In fact I am still not sure that it
is widely understood; there are still folk suggesting that if you overpressure a tyre to test it, and it doesn't blow off the rim, that it is 'safe', and DT's recommendations (which I linked to upthread) appear to give tubeless tyres considerable benefit (in terms of pressure rating) when fitted to hook bead rims.
Now if the tyre always seals between the tyre lip and the rim well, maybe this is OK, and maybe this is what usually happens when you mount a new tyre on a new rim etc. But there is no evidence to suggest that this always happens in a real-world situation: All it needs is for the leak rate between the tyre lip and the rim well to be in excess of the leak rate between the rim lip and the tyre higher up, and the tyre bead isn't being pushed into the rim hook any more and the 'benefit' of a hook bead will be about zero.
This comparatively simple observation probably explains some of the 'mysterious' tubeless blowouts, even when the tyre initially 'passed' an overpressure test. In the meantime I take advice from all quarters (including from many manufacturers) concerning tubeless tyre pressures with a king-sized pinch of salt. If you default to the tyre pressures specified for hookless rims (whether your rims are hookless or not) and given a whole list of other 'ifs' concerning the quality of tyre/rim fit etc, then you may be reasonably safe. Otherwise... do you feel lucky...?

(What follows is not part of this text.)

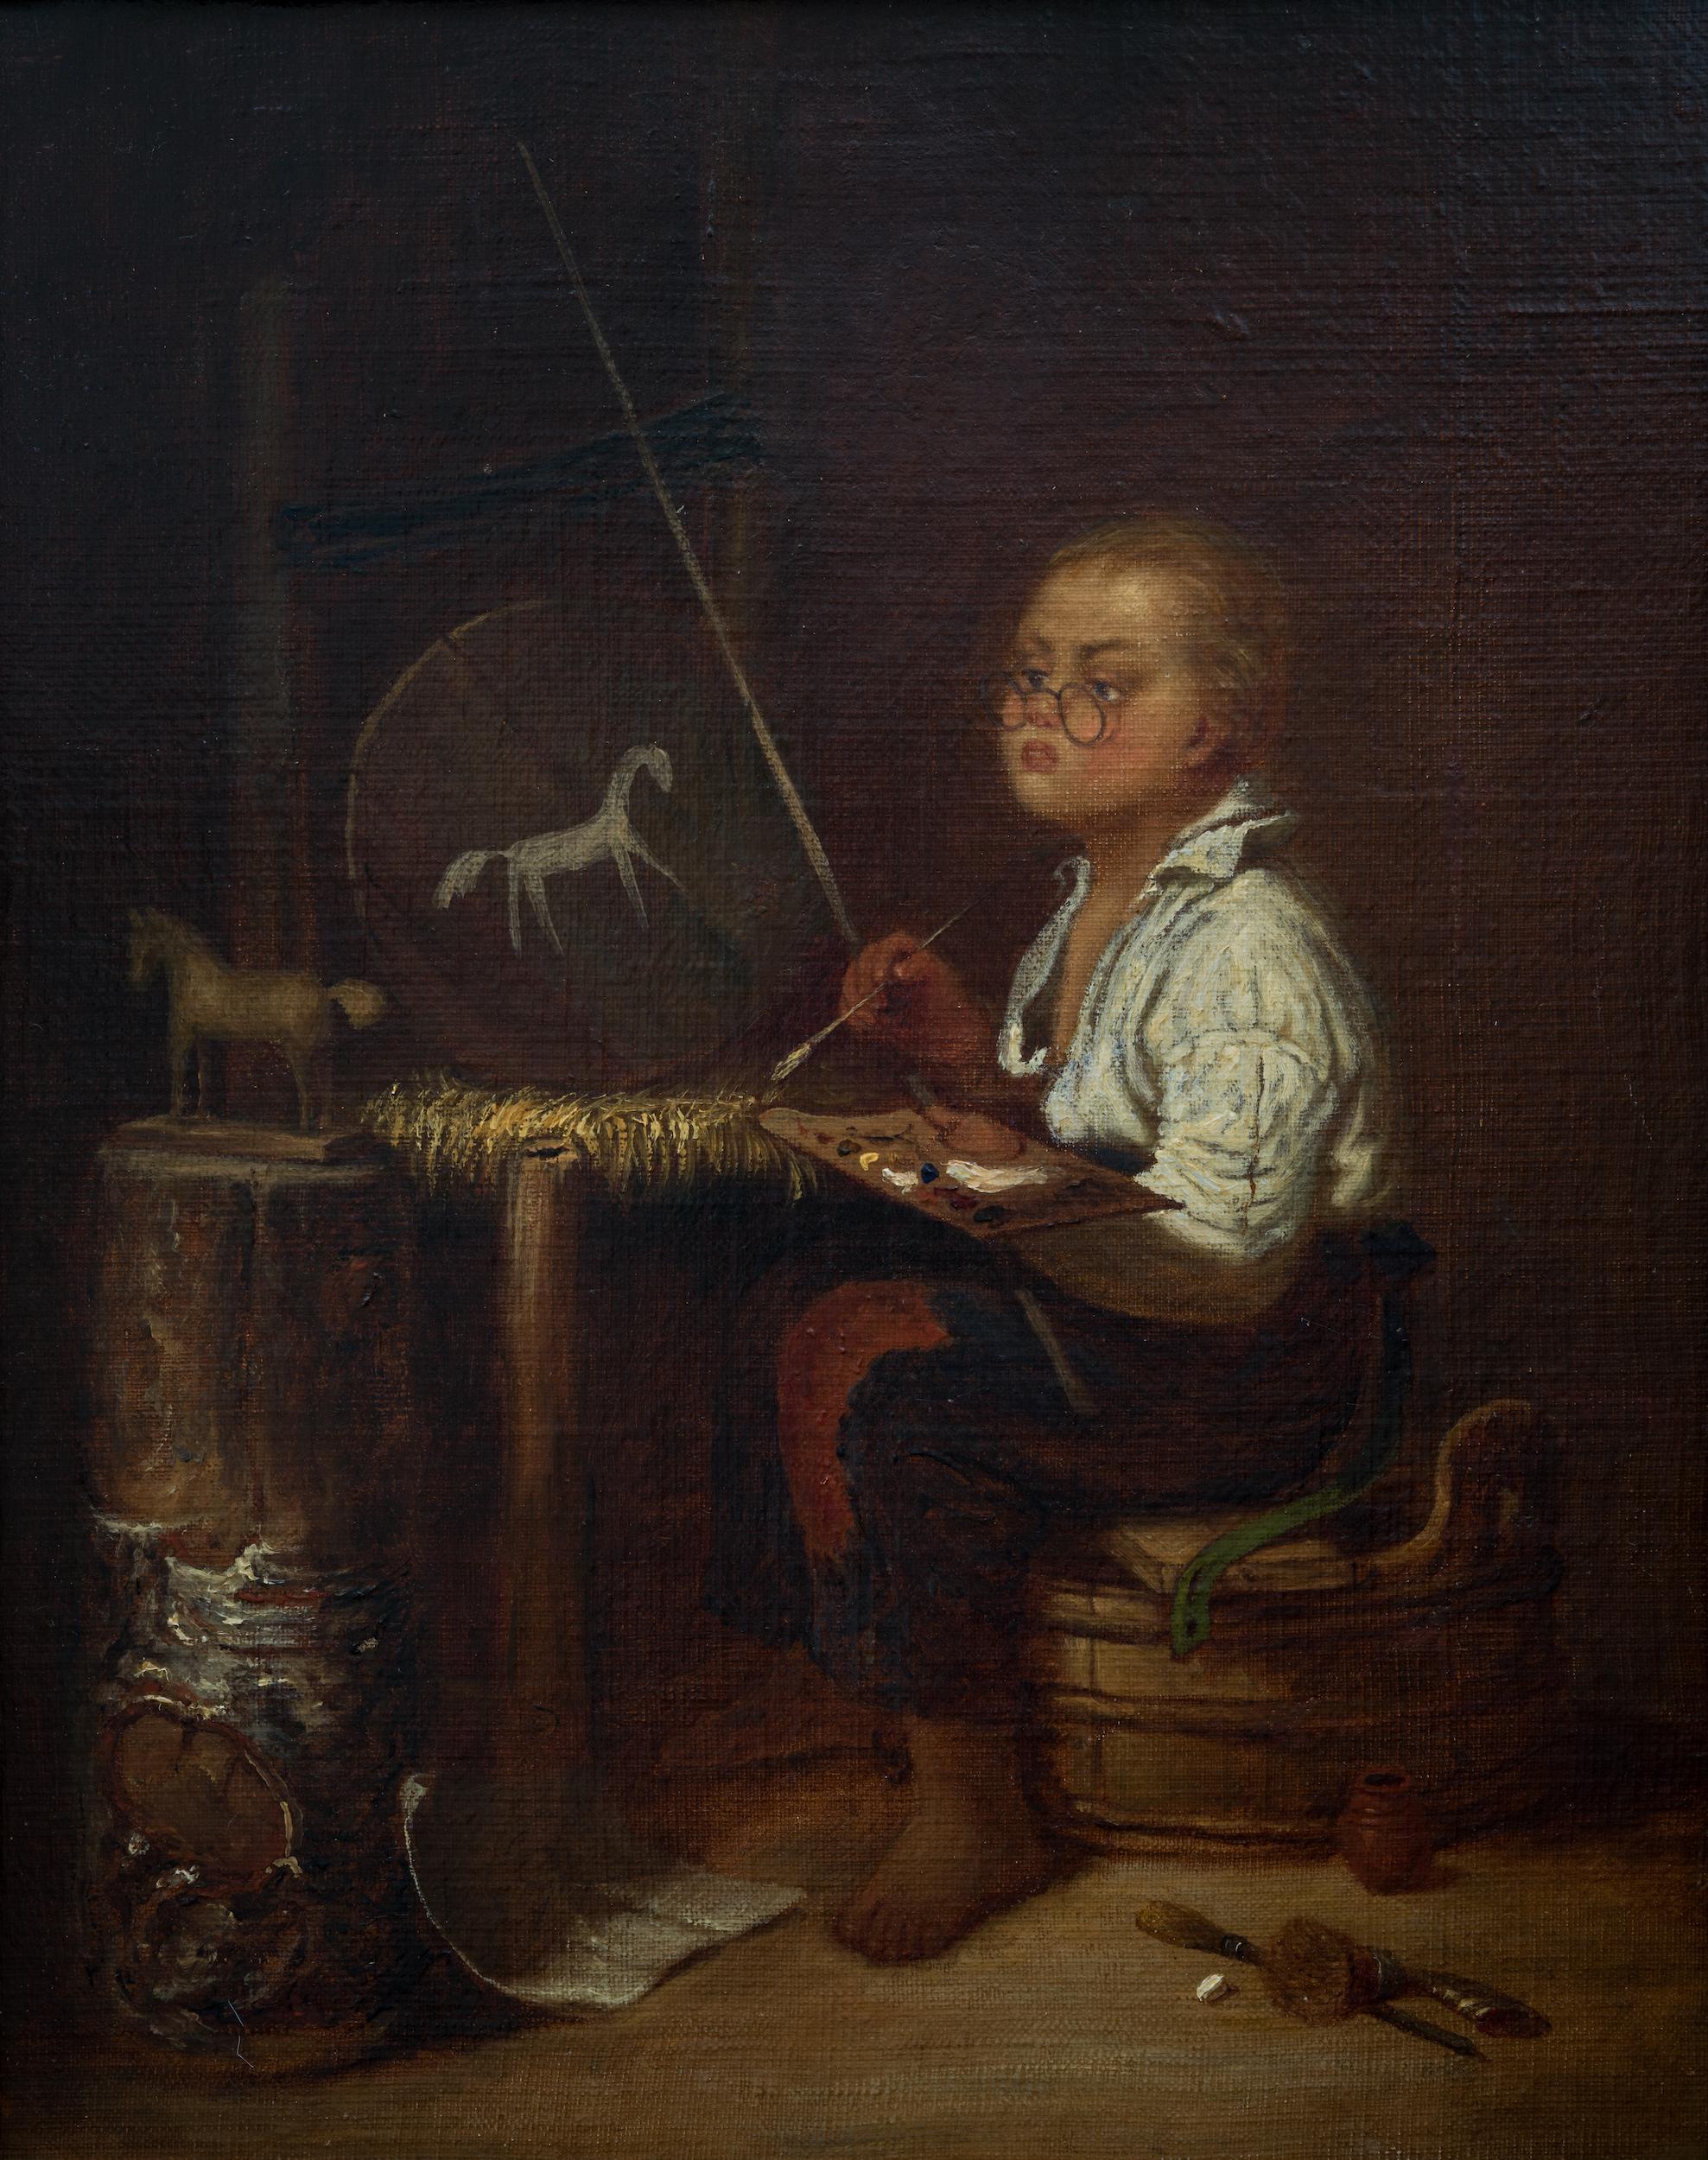 Wir stellen Ihnen ein fesselndes Ölgemälde von Johan Christoffer Boklund (1817-1880) vor. Das Kunstwerk zeigt einen kleinen Jungen, der seine Malfähigkeiten übt. Neben ihm sitzt ein Holzpferd, das er fleißig auf einer runden Holztafel nachbildet.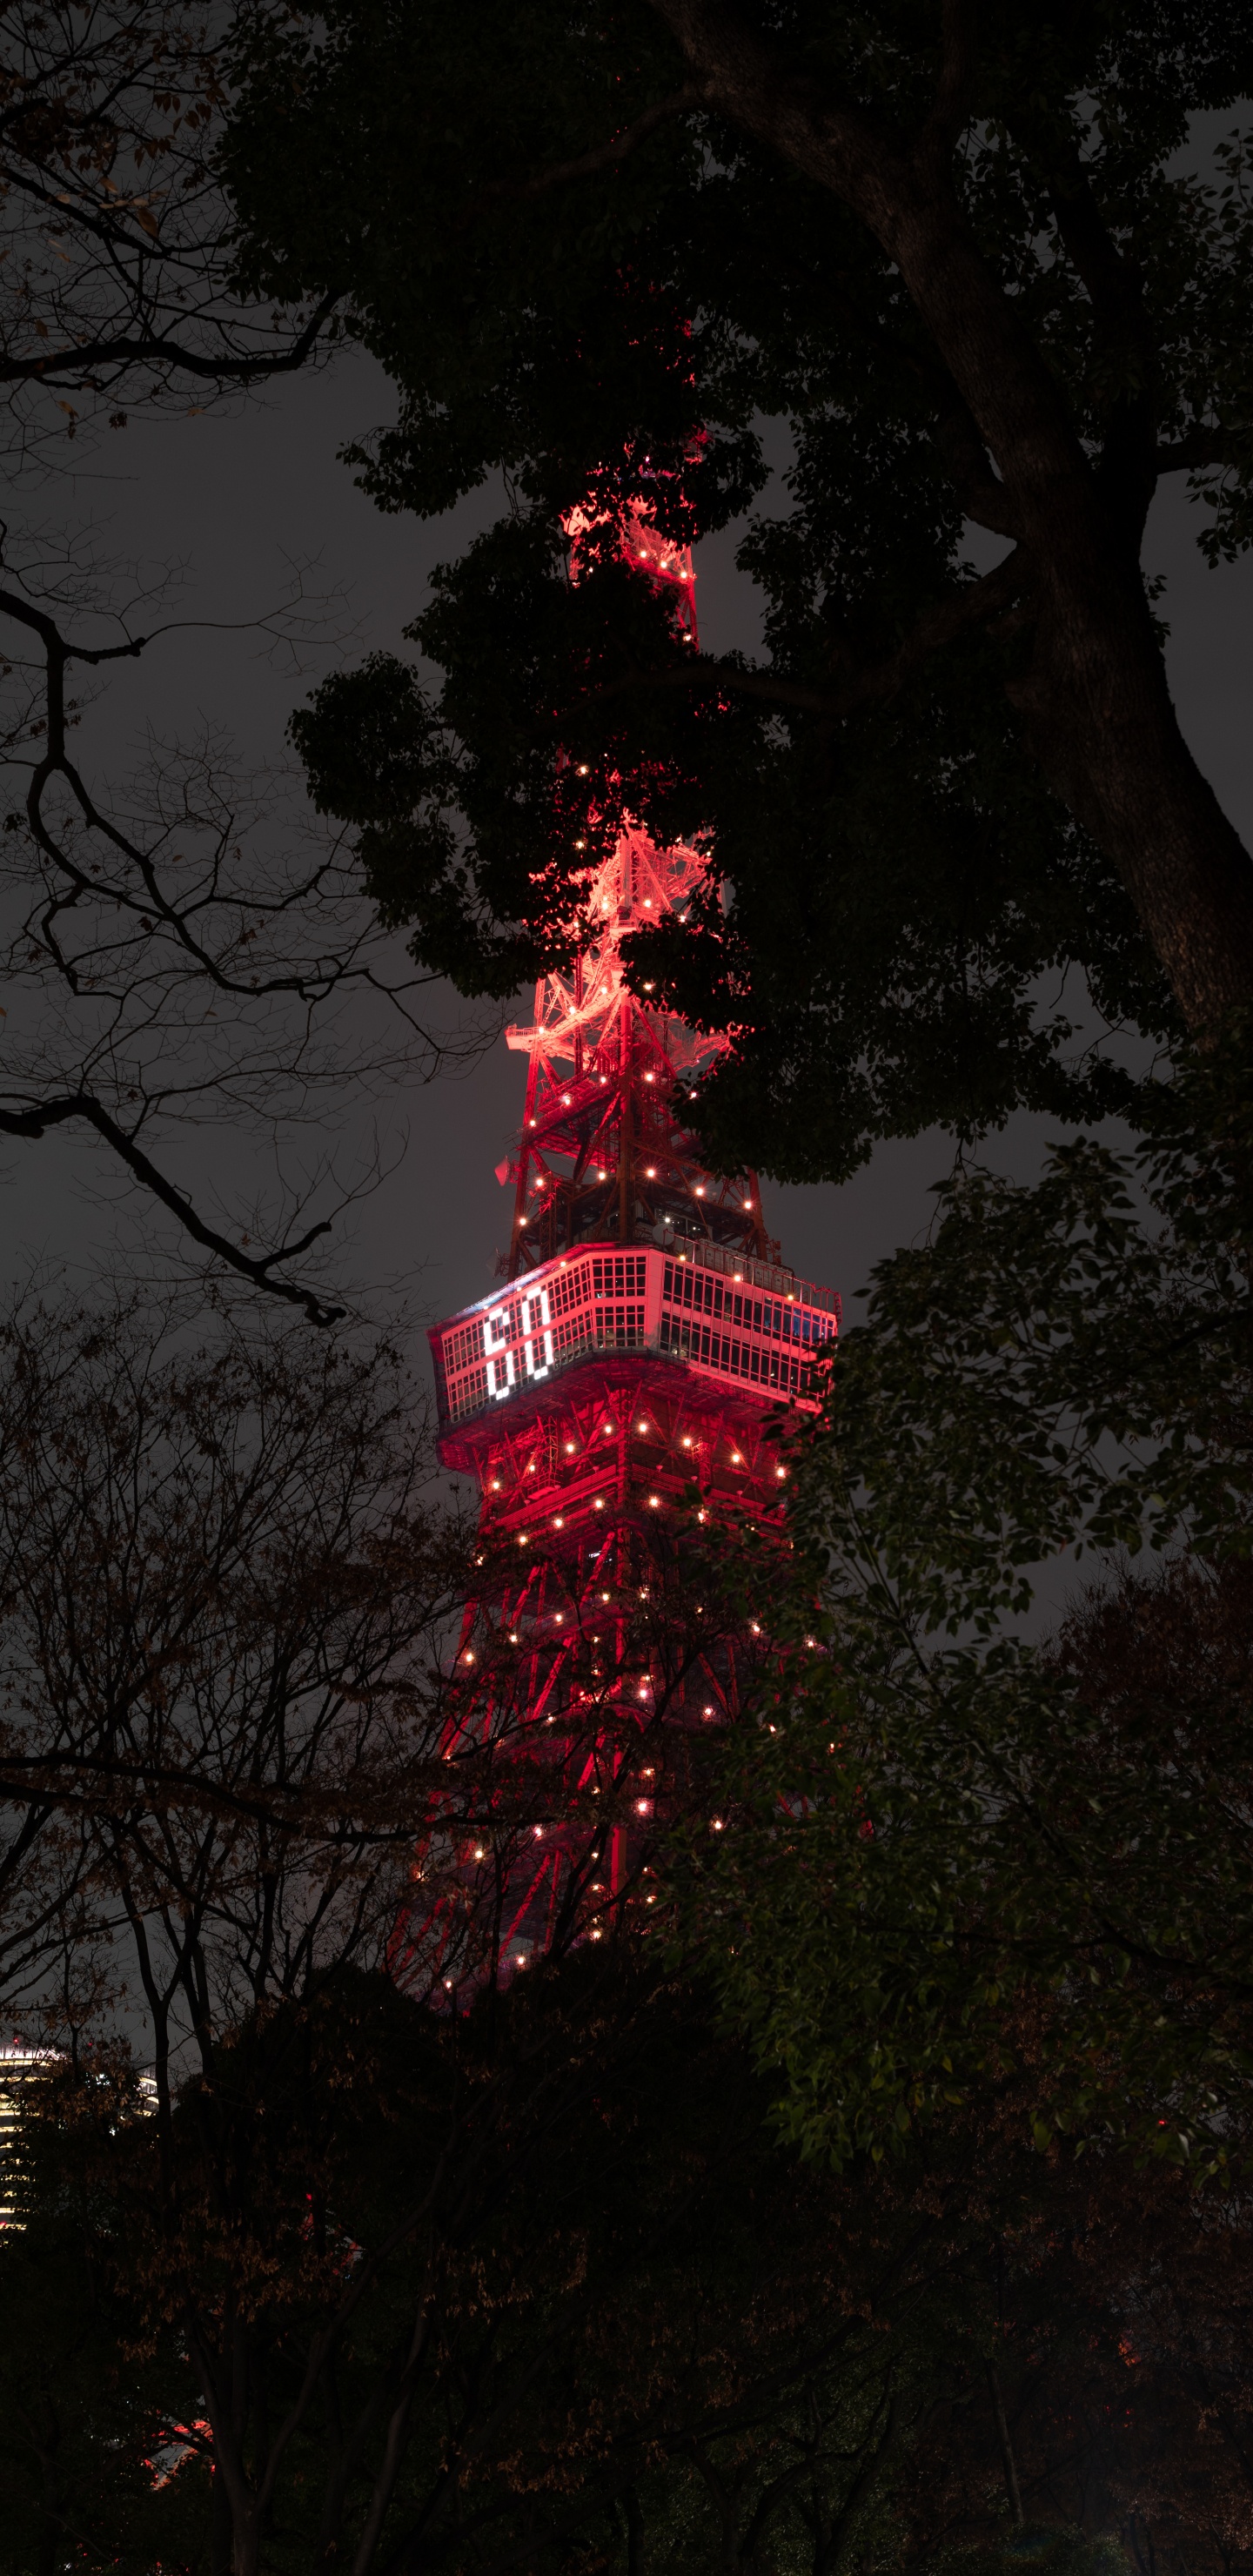 Rot-weißer Turm in Der Nähe Von Bäumen Während Der Nacht Night. Wallpaper in 1440x2960 Resolution

BTW to clear up a misunderstanding; when I helped my chum with a problematic tubeless fitment a while back, I only did so because I could see he was struggling and he was grateful for any help, even if it was just pumping the bottle up again (and again). I still don't know quite
how he found it within him to persist in trying to fit a tyre to a rim when the fit was clearly looser than it should have been (I'd probably have thrown the lot back in the face of the supplier, along with some terse angle-saxon phraseology), but I do know
why; he is a professional bike mechanic and he had a customer due in before too much longer. To my surprise he prevailed and the customer wasn't disappointed. He was (quite rightly) completely pissed off with the quality of the parts and lost money on that job; it should take a few minutes, not over an hour even two-handed. I don't know exactly how commonplace such occurrences are but there were dark mutterings of the kind that usually precede refusal to work on similar equipment subsequently (eg "if they are daft enough to want to use that crap then they can ****in' well do it themselves"). We shall see.
BTW this may fall into the 'very obvious' category but I didn't mention it previously: When you fit a tube into a failed tubeless tyre there is another significant difference from a tubed puncture. With a tubed puncture when you find something poking through the tyre you can be reasonably sure that you have just found the culprit. With a tubeless puncture this isn't the case: If the sealant has been working as promised, there may be numerous pointy things stuck through the tread, any one of which can instantly puncture the tube you just struggled to fit. So you must inspect the tyre very carefully if you don't want to have an immediate repeat performance (assuming that you even
have another tube, that is...). Obviously the inside of a tubeless tyre is covered in sticky crap and it is easy to miss something. In the workshop, if I want to be reasonably sure of a tyre, I need to clean all the sealant off the tyre, and then spend quite a long time inspecting it. [ I have known some of my MTBing chums throw tubed tyres away (eg having gone through a thorn bush) simply because they were not confident about finding every thorn (which can be entirely hidden within the tread thickness of course) no matter how long they spent.] Obviously any inspection carried out by the roadside is unlikely to be very good by comparison.